Before I left for a short May trip to Massachusetts, our historic Topeka neighborhood sported four “Vote Yes” signs for the proposed “Value Them Both” amendment to the Kansas Constitution, on the ballot Aug. 2.
By my return on the final day of May, times had changed. There was an exponential explosion of “Vote No” signs. By my most recent count, 32 yards have signage encouraging a “Vote No,” compared with 11 for “Vote Yes.”
Passing the amendment would open the door to more restrictions, or even an outright ban, on the right to abortion in Kansas, which the state Supreme Court ruled in 2019 is inherent in the Kansas state constitution.

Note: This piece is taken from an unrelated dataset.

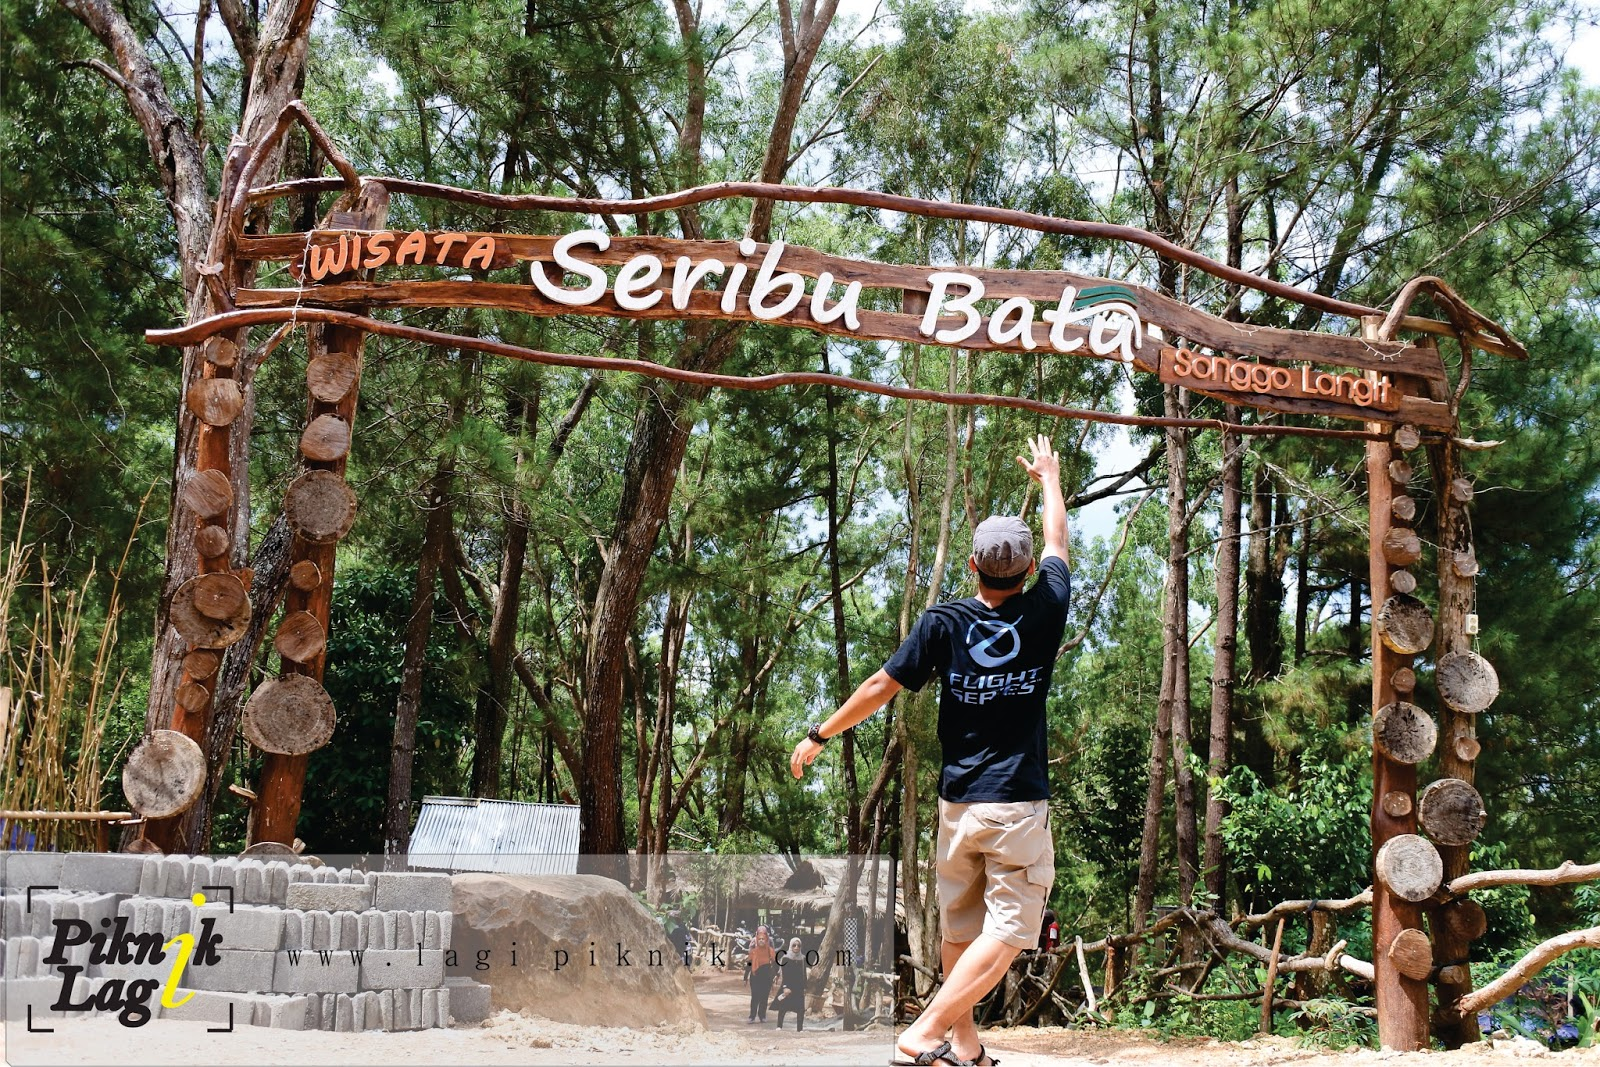 Objek Wisata Seribu Batu Songgo Langit Yang Sangat Unik

Twenty-six years ago, I became accidentally pregnant at the rather ripe age of 46. I was sitting in my friend Susan’s yard enjoying the warm April sun. But I had a nagging concern.
“Someone my age couldn’t get pregnant, could they?” I asked. I had missed a menstrual period.
“Are you nuts?” said Susan. “Haven’t you heard of change-of-life babies?”
I had not. Instead of a change-of-life baby, I thought I was beginning the more common change of life for a woman my age: menopause.
Susan encouraged me to give myself a home pregnancy test. Later, just after a positive result emerged on my e.p.t. test, a friend called.
“How are you?” she asked.
“I don’t know,” I hesitated. “I just took a test and I’m pregnant.”
“We can take care of that,” she said. I said I wasn’t sure I wanted to take care of it.
The fact was, whenever I thought about having an abortion, I started crying. When I thought about having a baby, even at that age, I stopped.
I called my husband, who was out of town. He wasn’t downbeat, just stunned. When he returned home, he said he felt guardedly positive at the prospect of another child, even though we would both be 47 at the end of nine months. But he stressed it was my decision, since I would be the one carrying the pregnancy to term, with its attendant sacrifices and risks.
We made an appointment with our family physician. When another pregnancy test — the so-called “rabbit test” — confirmed I was indeed pregnant, our doctor said that in his experience, couples who could enfold a much younger sibling into their existing family structure did fine.
When we told our then 14-year-old daughter that I was pregnant, she was elated. She said it was the best news she had ever heard. The unbridled enthusiasm of the teenager in the household was welcome, indeed.
Flash forward. My son was in the eighth grade, and the same age as his big sister when I became pregnant with him.
He asked if I had realized the high odds of having a baby with a genetic abnormality at the age of 46. I said I did, and that I had taken an amniocentesis test. The faxed report said: “An apparently normal karyotype (male).” We knew a healthy boy was on the way.